> _WHAT THE TASK REQUIRES_
Print the listing below verbatim, passing over each picture.

> _DATASET CONTENT_
_ _ _

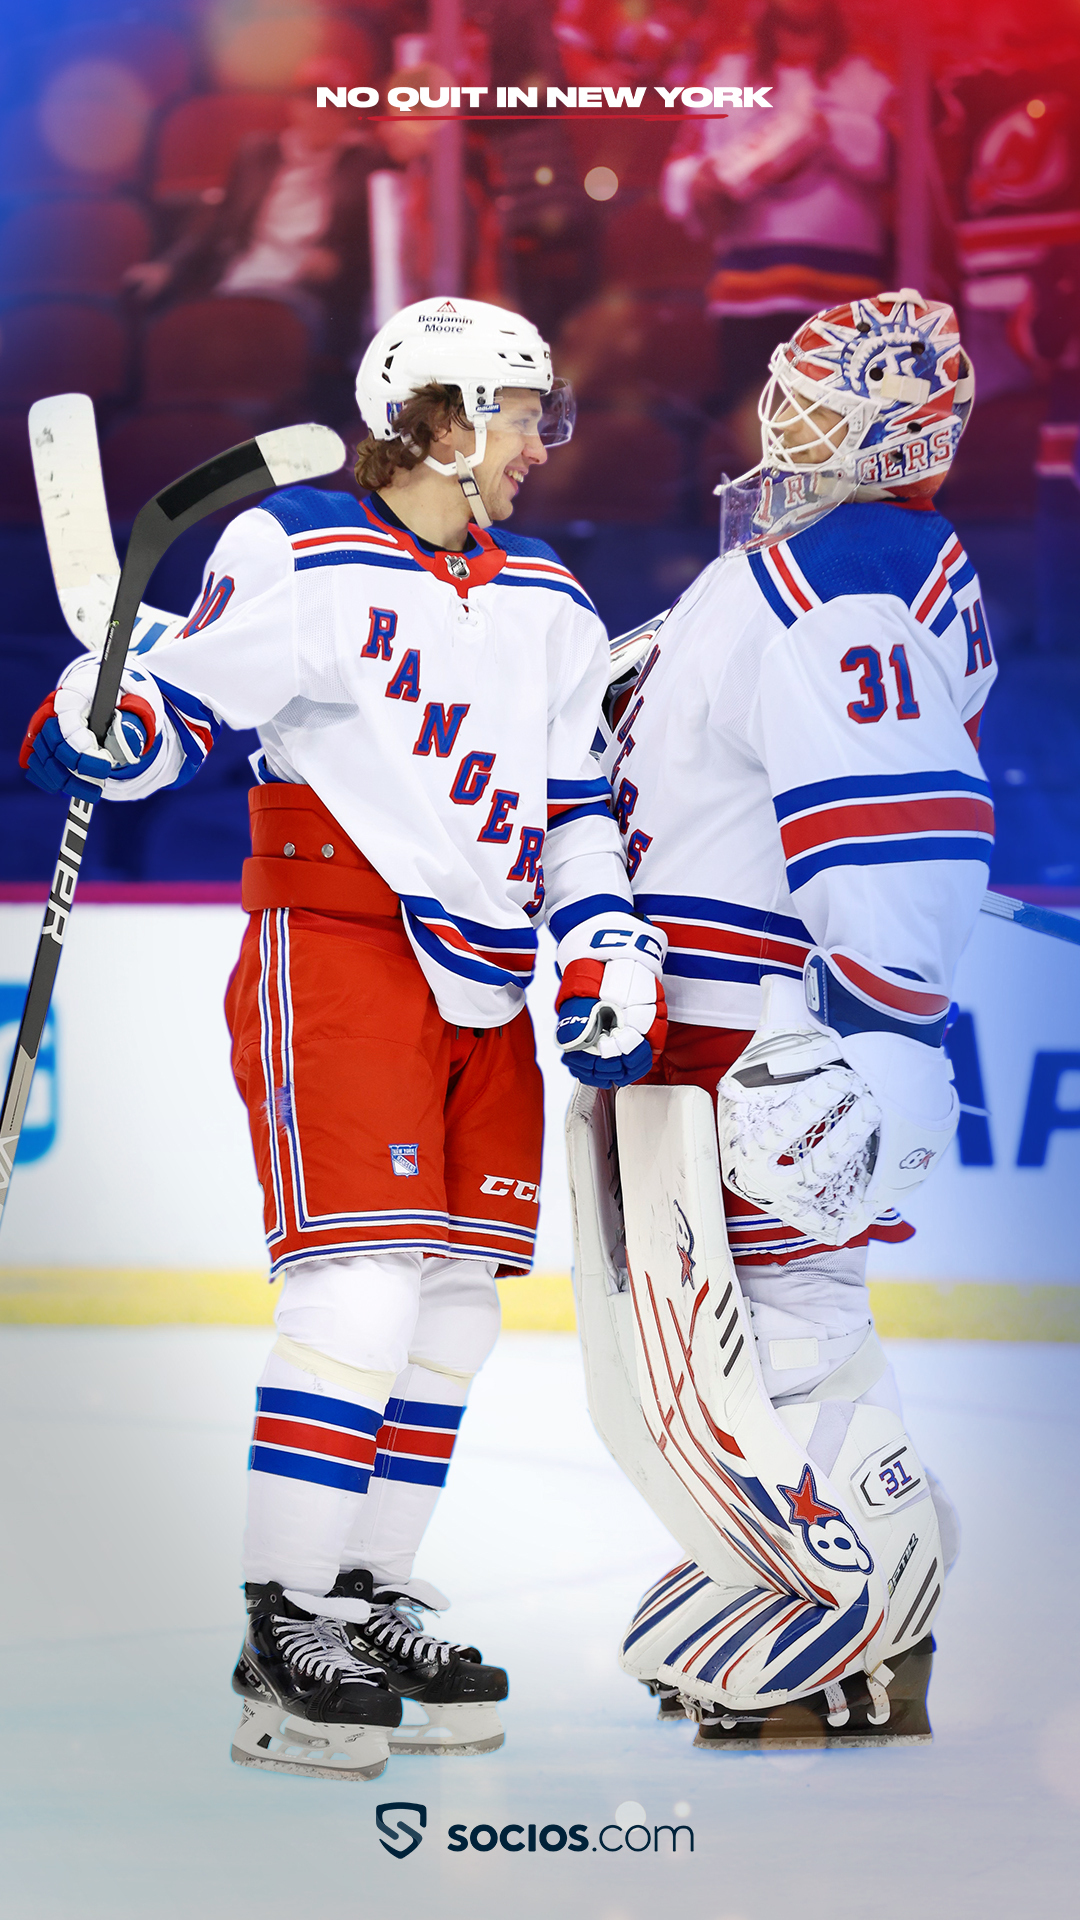 Just in case your lock screen needs an - New York Rangers
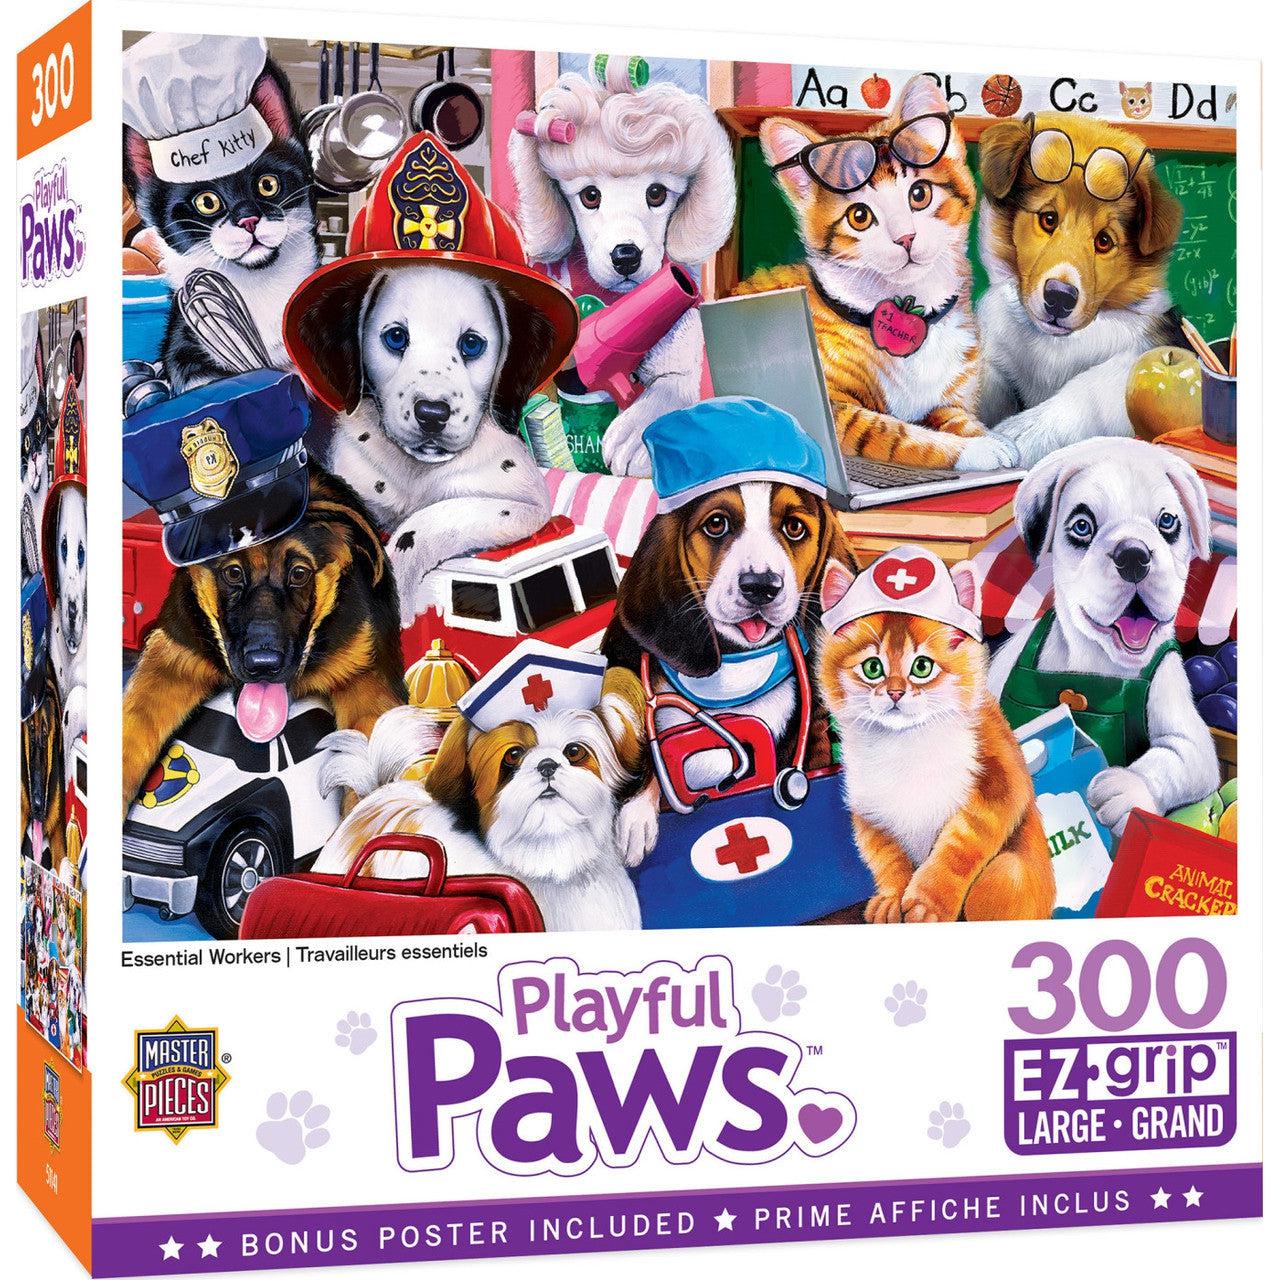 MasterPieces-Playful Paws - Essential Workers - 300 Piece EzGrip Puzzle-32072-Legacy Toys
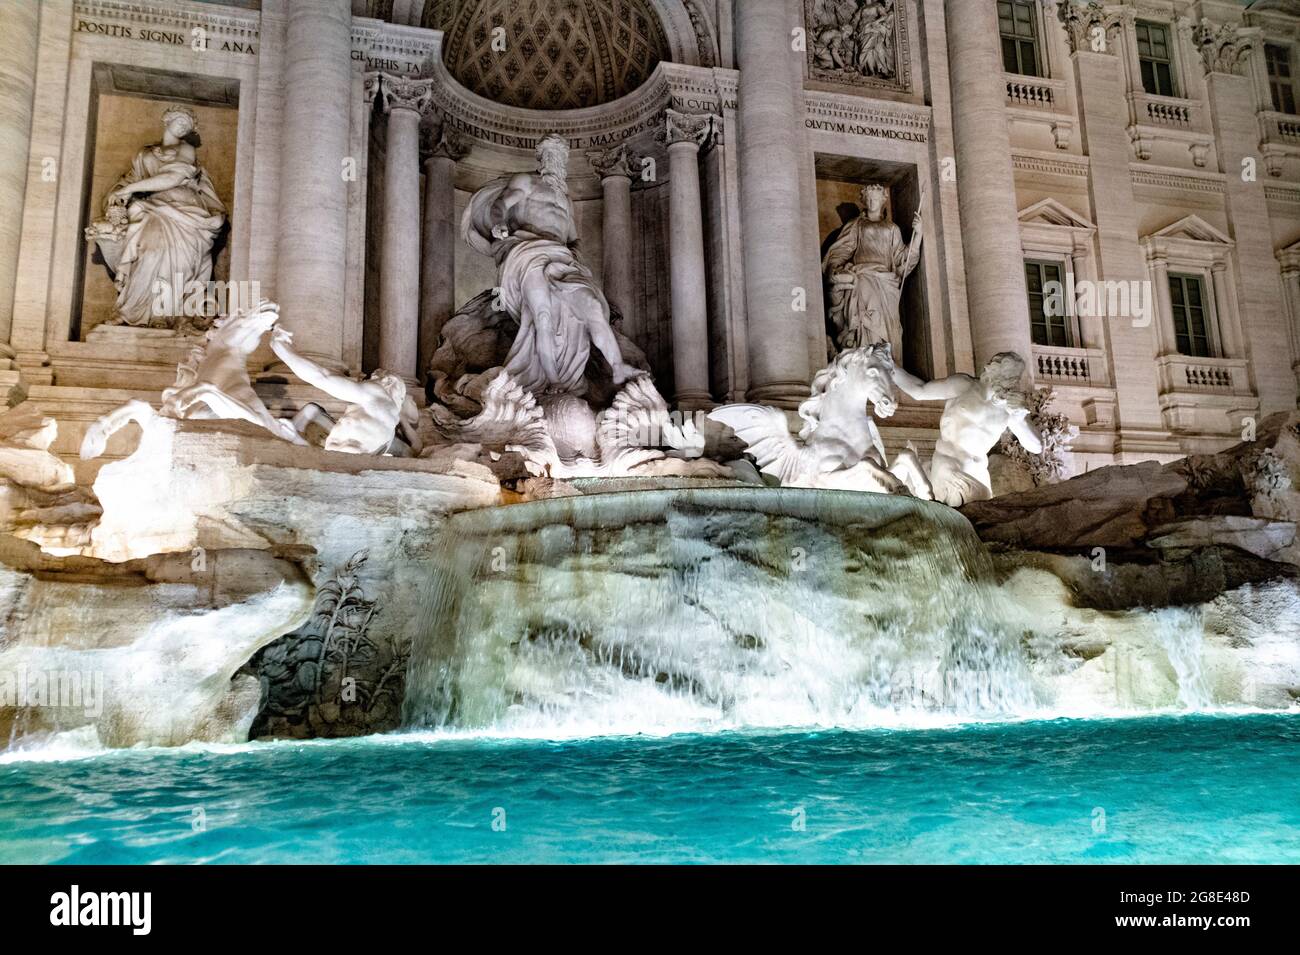 Europe - Italy, capital city Rome: A detail view of the Trevi Fountain which is one of the most popular spots in Rome, thousands of people visit the f Stock Photo
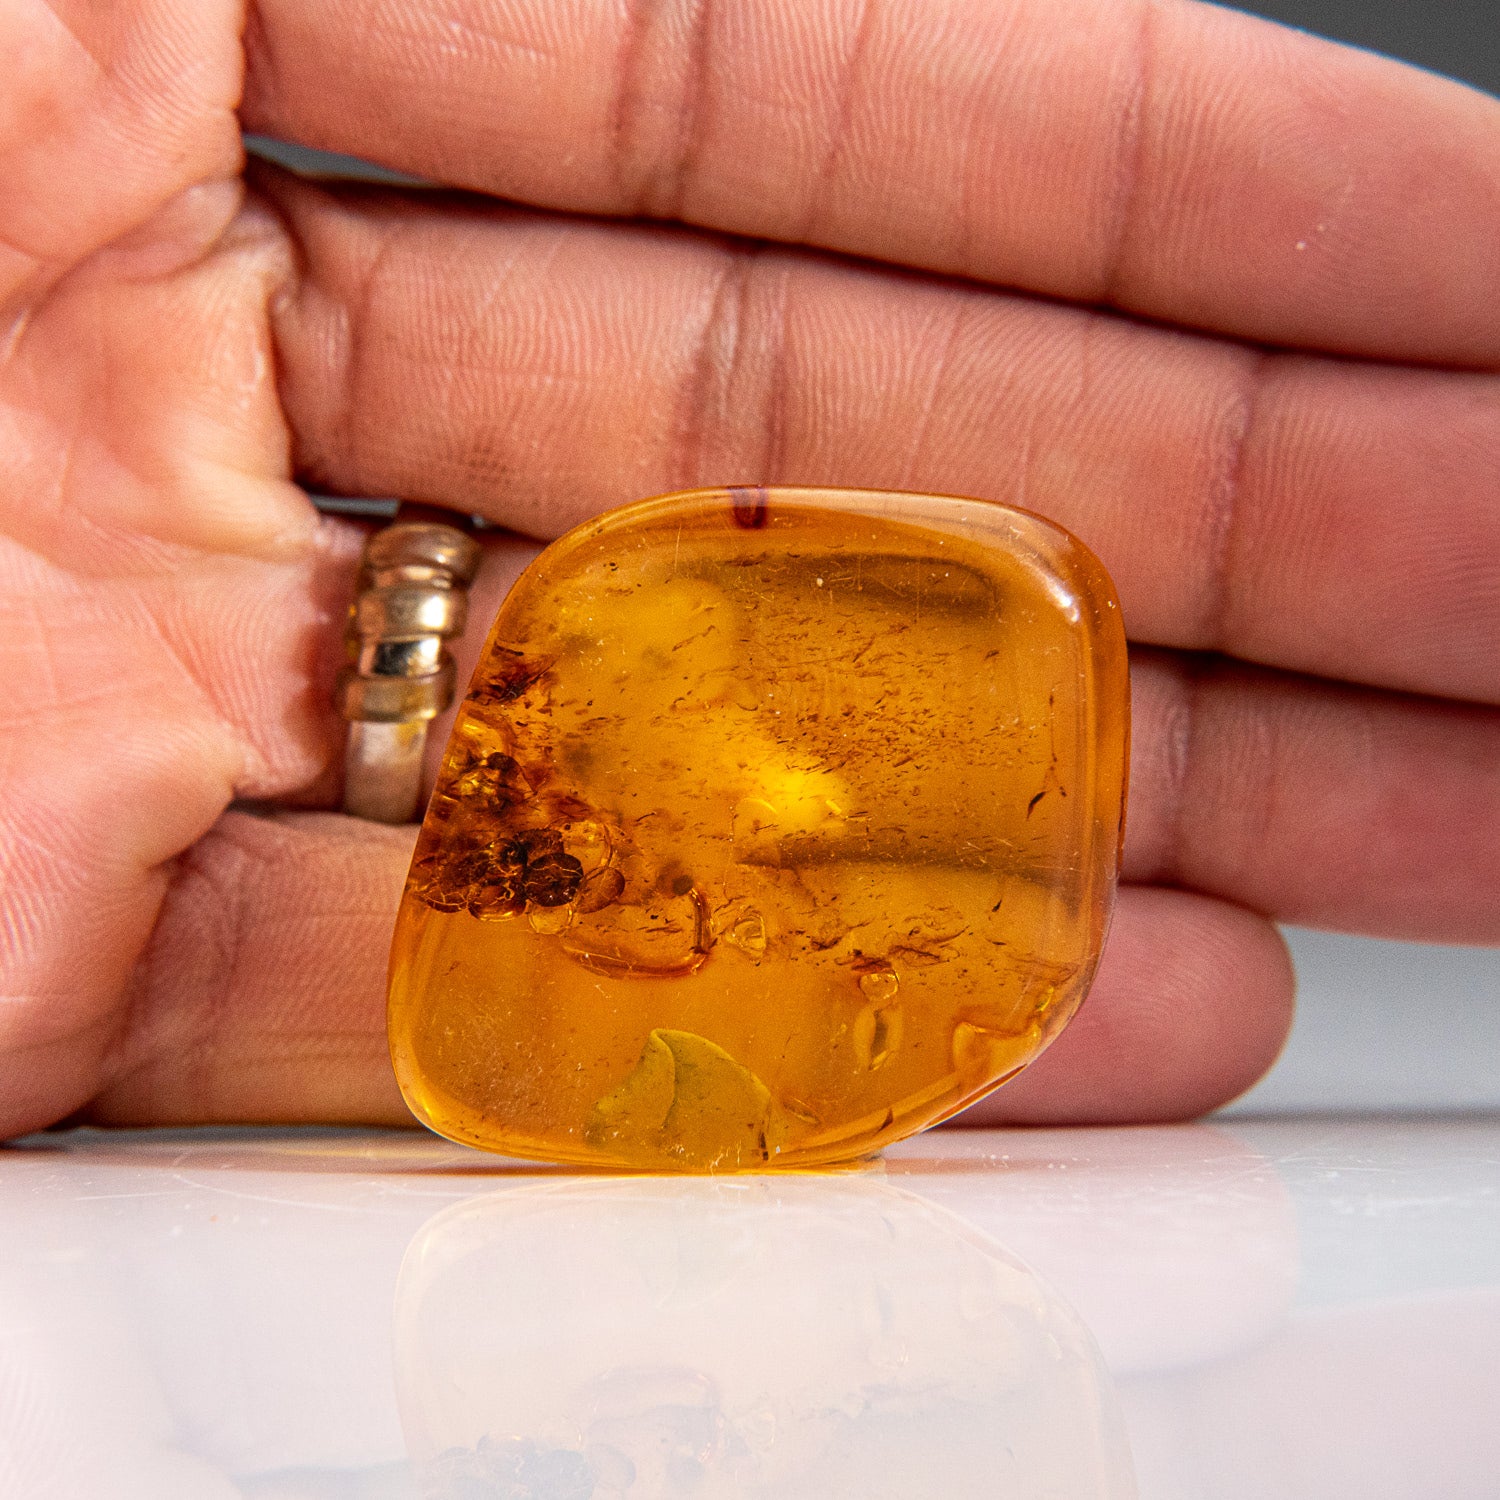 Genuine Gem-Quality Copal Amber from Colombia (10 grams)

_ _ _

> _WRITTEN ANSWER_
 Just in case your lock screen needs an - New York Rangers
 MasterPieces-Playful Paws - Essential Workers - 300 Piece EzGrip Puzzle-32072-Legacy Toys
 Europe - Italy, capital city Rome: A detail view of the Trevi Fountain which is one of the most popular spots in Rome, thousands of people visit the f Stock Photo
 Genuine Gem-Quality Copal Amber from Colombia (10 grams)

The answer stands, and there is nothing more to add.